[GIVEN DATA Boundary: Start]

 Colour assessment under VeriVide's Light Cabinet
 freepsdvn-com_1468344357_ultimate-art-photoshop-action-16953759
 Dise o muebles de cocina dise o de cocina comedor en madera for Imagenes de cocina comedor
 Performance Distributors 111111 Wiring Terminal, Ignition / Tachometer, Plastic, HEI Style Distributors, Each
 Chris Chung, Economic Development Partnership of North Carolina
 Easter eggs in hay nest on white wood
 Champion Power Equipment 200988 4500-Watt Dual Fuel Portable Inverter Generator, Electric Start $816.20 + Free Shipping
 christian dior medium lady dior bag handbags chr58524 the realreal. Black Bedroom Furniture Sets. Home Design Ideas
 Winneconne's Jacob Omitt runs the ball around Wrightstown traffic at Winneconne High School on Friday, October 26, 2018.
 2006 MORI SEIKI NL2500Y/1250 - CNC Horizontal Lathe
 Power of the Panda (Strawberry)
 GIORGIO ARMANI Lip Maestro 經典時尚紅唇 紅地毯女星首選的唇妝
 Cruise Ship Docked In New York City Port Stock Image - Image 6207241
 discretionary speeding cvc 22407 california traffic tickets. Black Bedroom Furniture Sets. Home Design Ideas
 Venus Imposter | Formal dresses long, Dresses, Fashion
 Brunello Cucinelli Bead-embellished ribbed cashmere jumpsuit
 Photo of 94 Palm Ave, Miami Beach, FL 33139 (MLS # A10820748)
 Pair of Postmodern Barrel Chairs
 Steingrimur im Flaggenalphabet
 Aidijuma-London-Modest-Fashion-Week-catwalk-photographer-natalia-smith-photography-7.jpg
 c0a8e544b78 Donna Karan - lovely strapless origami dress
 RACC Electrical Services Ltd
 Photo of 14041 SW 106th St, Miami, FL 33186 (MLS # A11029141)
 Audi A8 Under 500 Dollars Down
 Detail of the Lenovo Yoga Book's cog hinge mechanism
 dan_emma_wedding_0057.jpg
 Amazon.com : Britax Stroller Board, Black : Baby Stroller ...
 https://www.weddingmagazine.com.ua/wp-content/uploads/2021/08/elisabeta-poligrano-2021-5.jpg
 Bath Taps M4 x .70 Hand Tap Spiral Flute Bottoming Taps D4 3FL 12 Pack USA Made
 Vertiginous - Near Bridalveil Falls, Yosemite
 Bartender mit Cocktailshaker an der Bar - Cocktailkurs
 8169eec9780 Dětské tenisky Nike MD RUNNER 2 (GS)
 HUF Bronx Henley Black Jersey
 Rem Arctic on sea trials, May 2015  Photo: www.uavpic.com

[GIVEN DATA Boundary: End]

§ **WHAT NEEDS TO BE DONE**: Would you return the full set of entries, unchanged in every detail?

§ **SOLUTION**:
 Colour assessment under VeriVide's Light Cabinet
 freepsdvn-com_1468344357_ultimate-art-photoshop-action-16953759
 Dise o muebles de cocina dise o de cocina comedor en madera for Imagenes de cocina comedor
 Performance Distributors 111111 Wiring Terminal, Ignition / Tachometer, Plastic, HEI Style Distributors, Each
 Chris Chung, Economic Development Partnership of North Carolina
 Easter eggs in hay nest on white wood
 Champion Power Equipment 200988 4500-Watt Dual Fuel Portable Inverter Generator, Electric Start $816.20 + Free Shipping
 christian dior medium lady dior bag handbags chr58524 the realreal. Black Bedroom Furniture Sets. Home Design Ideas
 Winneconne's Jacob Omitt runs the ball around Wrightstown traffic at Winneconne High School on Friday, October 26, 2018.
 2006 MORI SEIKI NL2500Y/1250 - CNC Horizontal Lathe
 Power of the Panda (Strawberry)
 GIORGIO ARMANI Lip Maestro 經典時尚紅唇 紅地毯女星首選的唇妝
 Cruise Ship Docked In New York City Port Stock Image - Image 6207241
 discretionary speeding cvc 22407 california traffic tickets. Black Bedroom Furniture Sets. Home Design Ideas
 Venus Imposter | Formal dresses long, Dresses, Fashion
 Brunello Cucinelli Bead-embellished ribbed cashmere jumpsuit
 Photo of 94 Palm Ave, Miami Beach, FL 33139 (MLS # A10820748)
 Pair of Postmodern Barrel Chairs
 Steingrimur im Flaggenalphabet
 Aidijuma-London-Modest-Fashion-Week-catwalk-photographer-natalia-smith-photography-7.jpg
 c0a8e544b78 Donna Karan - lovely strapless origami dress
 RACC Electrical Services Ltd
 Photo of 14041 SW 106th St, Miami, FL 33186 (MLS # A11029141)
 Audi A8 Under 500 Dollars Down
 Detail of the Lenovo Yoga Book's cog hinge mechanism
 dan_emma_wedding_0057.jpg
 Amazon.com : Britax Stroller Board, Black : Baby Stroller ...
 https://www.weddingmagazine.com.ua/wp-content/uploads/2021/08/elisabeta-poligrano-2021-5.jpg
 Bath Taps M4 x .70 Hand Tap Spiral Flute Bottoming Taps D4 3FL 12 Pack USA Made
 Vertiginous - Near Bridalveil Falls, Yosemite
 Bartender mit Cocktailshaker an der Bar - Cocktailkurs
 8169eec9780 Dětské tenisky Nike MD RUNNER 2 (GS)
 HUF Bronx Henley Black Jersey
 Rem Arctic on sea trials, May 2015  Photo: www.uavpic.com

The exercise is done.